I took a few more boxes to donate yesterday.  It baffles me to think of the amount of things that have left the rabbit patch!  In the future, I must avoid thrift stores, unless of course, I have a real need, of sorts.  I will  also avoid stores that sell pretty china and to the best of my ability, book stores.  It has been a difficult, but very liberating experience, altogether.   Peggy, a friend of mine plans to do the same thing and says she will only keep what “makes her heart sing”.  That is the spirit, I think.

While the old farmhouse is tidy, the territory is quite shabby.  The twin broken washers are still in the yard while the grass and weeds grow without shame in the soggy earth.  The roses have also gotten a “second wind”.  They are blooming along with black-eyed susans, rose of sharon and lantanas.  Ageratum is presenting itself with great fervor,  claiming every spare inch of soil .  I love ageratum with its’ periwinkle blossoms.  They are like the violets in early spring, that surprise me on the way to the clothes line.  Violets and ageratum are likely to be anywhere.  The ginger lilies , that I highly favor, are as full of buds as they have been in years.  The flowers are white and far from spectacular, but the fragrance of a ginger lily is unforgettable.

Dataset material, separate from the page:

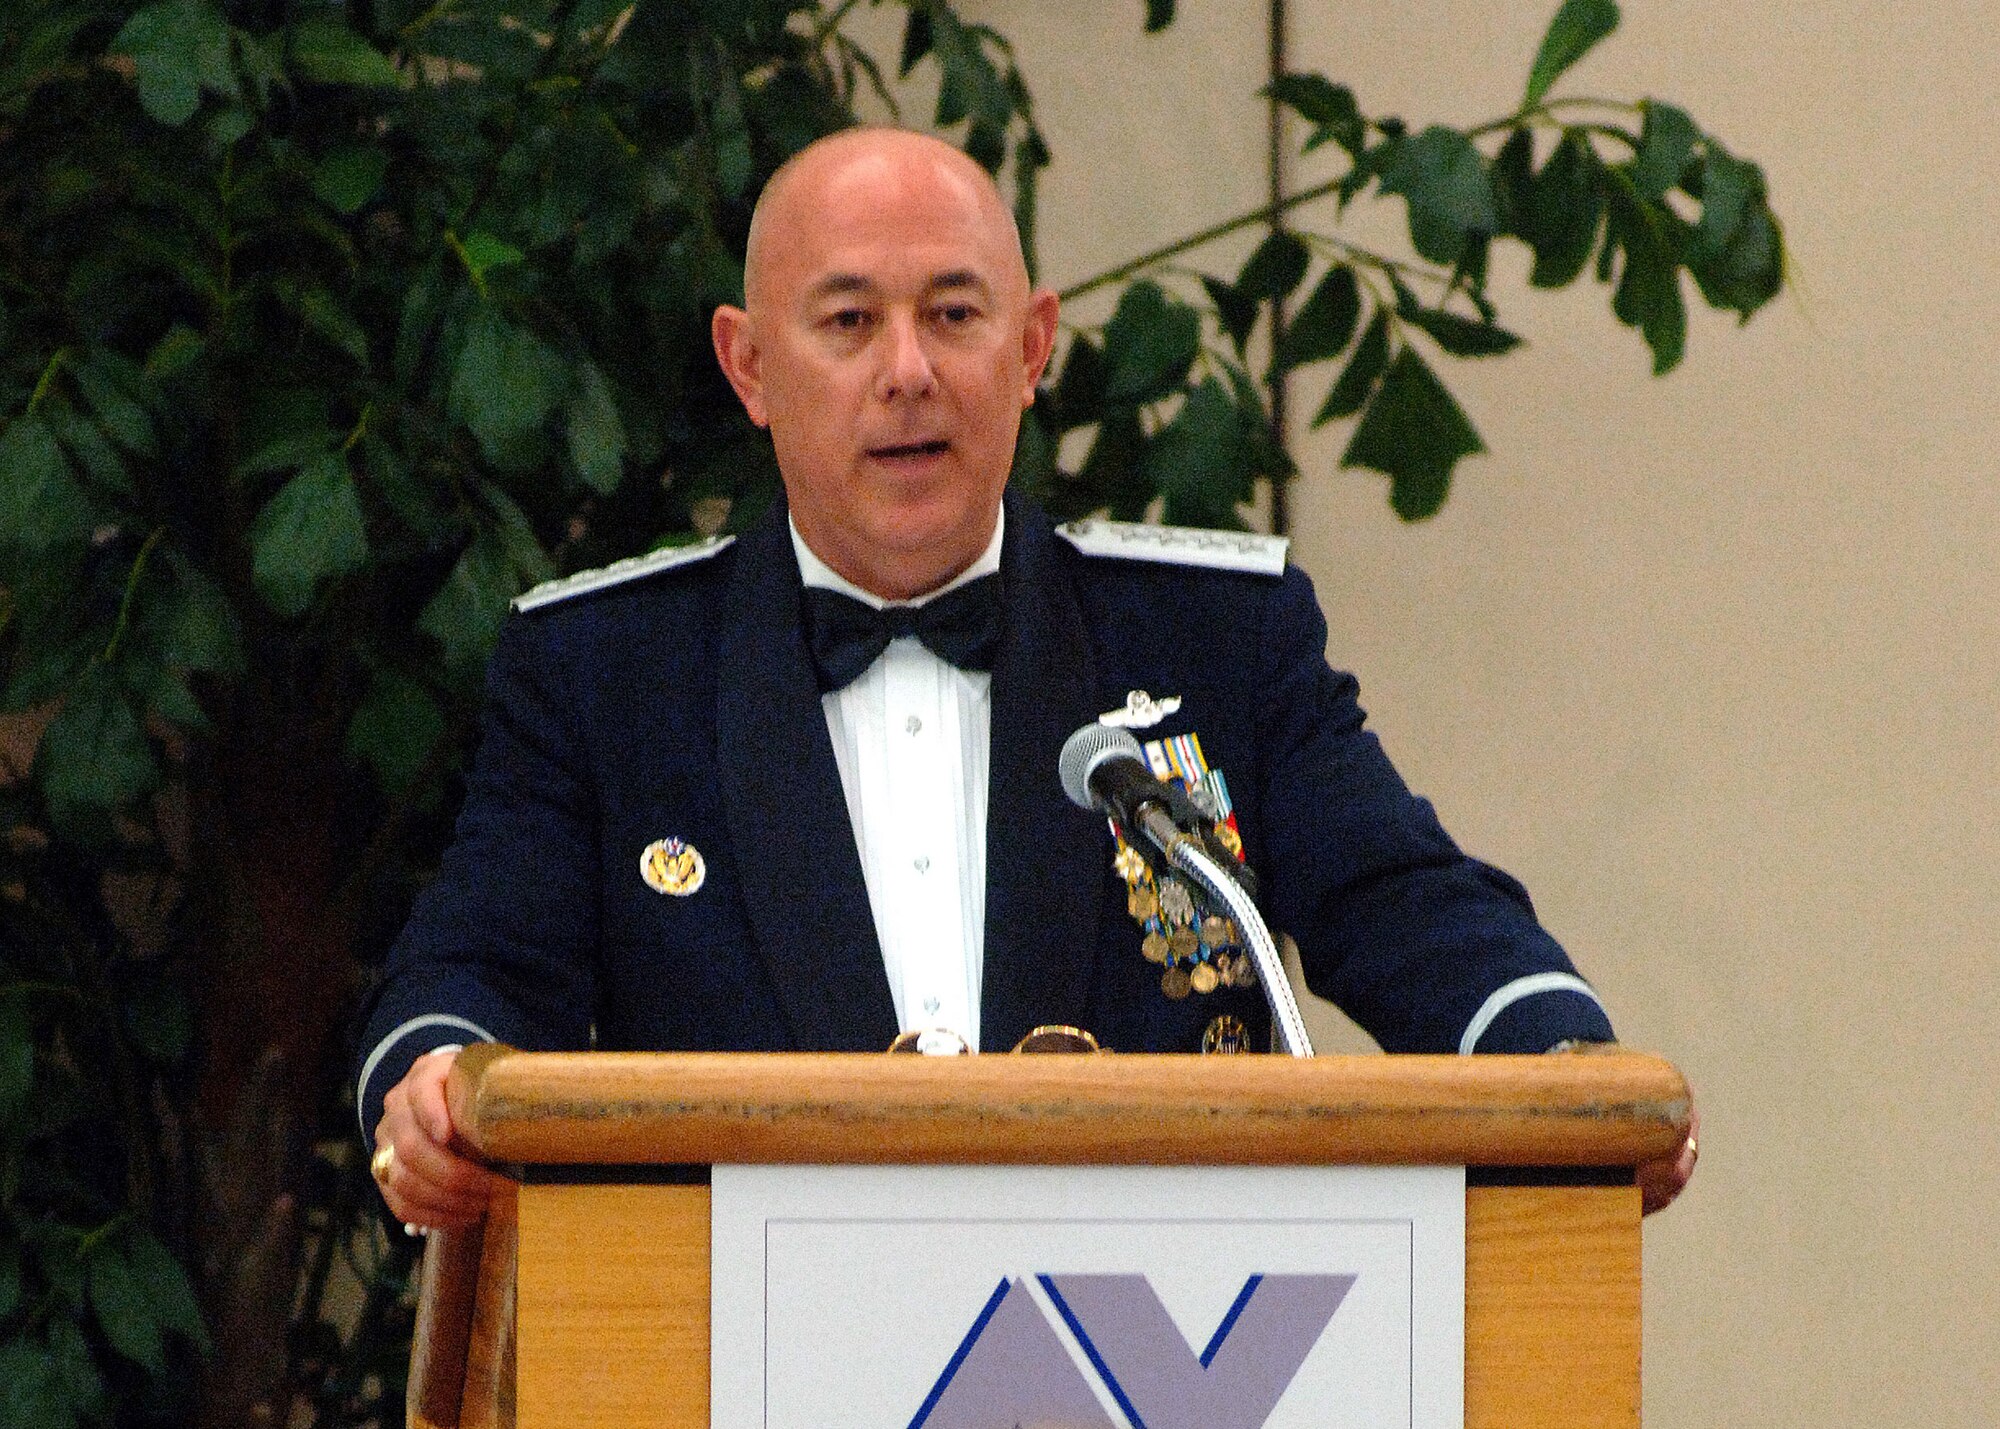 Air Force Chief of Staff, General T. Michael Moseley speaks at the Air Force Villages dinner Oct. 20, 2006 at Lackland Air Force Base, Texas. The Villages offer premier active living communities for retired and honorably seperated officers and their spouses, widows and widowers over the age of 62. (U.S. Air Force photo/Tech. Sgt. Larry A. Simmons)

When the ginger lilies bloom , the neighbors will know, for the scent, while delicate, spreads like a wildfire, in the air.  I still remember the first time I encountered the ginger lily.  I was standing on the porch, on  a late August evening.  I could not rest until I discovered the source of this fragrance .  It seemed an impossible mission as the scent seemed to surround me.  Finally, days later, my neighbor, “Miss Jenny”  told me, it had to be her ginger lilies that I was taking such delight in.  She was an avid gardener and her yard was living proof of it. It took me a while to find the precious -and expensive lily, but I did and at last,  I have a nice stand of them in the little garden just outside of the back door. They are in good company with a  few roses, loosestrife, day lilies and a fancy variety of hydrangea that has turned a few different shades of pink, this year.

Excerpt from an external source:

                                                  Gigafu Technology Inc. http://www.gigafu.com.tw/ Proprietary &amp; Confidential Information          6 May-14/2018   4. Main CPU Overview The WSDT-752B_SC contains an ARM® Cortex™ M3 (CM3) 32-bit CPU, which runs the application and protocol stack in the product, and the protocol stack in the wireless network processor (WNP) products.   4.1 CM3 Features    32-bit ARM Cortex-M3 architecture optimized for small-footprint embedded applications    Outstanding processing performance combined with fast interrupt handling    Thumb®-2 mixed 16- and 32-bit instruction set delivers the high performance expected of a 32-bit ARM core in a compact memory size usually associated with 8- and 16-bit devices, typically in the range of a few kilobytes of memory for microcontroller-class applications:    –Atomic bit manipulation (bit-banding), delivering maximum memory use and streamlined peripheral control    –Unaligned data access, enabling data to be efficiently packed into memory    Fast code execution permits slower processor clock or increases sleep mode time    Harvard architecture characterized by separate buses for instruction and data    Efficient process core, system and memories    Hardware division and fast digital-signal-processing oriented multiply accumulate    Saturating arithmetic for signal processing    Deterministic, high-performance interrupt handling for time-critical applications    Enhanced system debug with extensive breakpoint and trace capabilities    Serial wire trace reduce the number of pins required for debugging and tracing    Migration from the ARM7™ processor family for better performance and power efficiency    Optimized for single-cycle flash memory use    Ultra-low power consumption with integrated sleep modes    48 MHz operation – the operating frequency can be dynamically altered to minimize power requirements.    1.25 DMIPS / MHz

The morning glory vines are climbing every thing they can.  If they can not find a suitable post or unsuspecting bush, then the vine will sprawl like a ground cover.  In September, their “true blue” blossoms herald the approaching days  of autumn, in a cheerful fashion.

Fog blankets the countryside til late morning and sudden showers are likely to pop up at any given moment.  It is impossible to predict the right time to mow the rabbit patch, especially since it requires a fair amount of a day to complete. It is  often after noon, before the heavy dew has dried on the grass.  Wet grass clogs the mower and lies in awful clumps, long after the mowing.

 It seems shocking to me, as it does most years, that it is time to start back to school.  Hours and days pass without consistency.  If one is busy or having a grand time, then time is fleeting.  Gloom, worry  and idleness seem to extend hours.  The way of how time passes, seems to depend on circumstances. 

This past summer, for me  the hours were greatly varied.  I had to come to terms with where I am in my journey.  I am almost sixty, my children are all grown up and I live in a big old house , on the remnants of a farm.  I have a grandchild, that I adore.  I have learned a new way to love, because of her. I would rather be spending time with Lyla, and my future grandchildren than mowing all day.  I would rather see my sons more often and cook for my parents than stack wood.  In light of all of this, I have decided to “sell the farm”, long before I am desperate.   

There truly is “a Peace that passeth understanding”.  I know  this first hand, for I have felt this Peace.  Like a loving and loyal  friend , He has stood beside me and  has not allowed me to falter, whether I was packing books and china , cleaning a barn or whiling away time on the banks of the “laughing river”.     

So, seeds were sown this year, though their destiny remains a mystery.  Somewhere,  sometime, they will sprout.  By all means, I will continue The Rabbitpatch Diary,  for beauty and wonder does not limit itself to a single territory. . .nor a single season.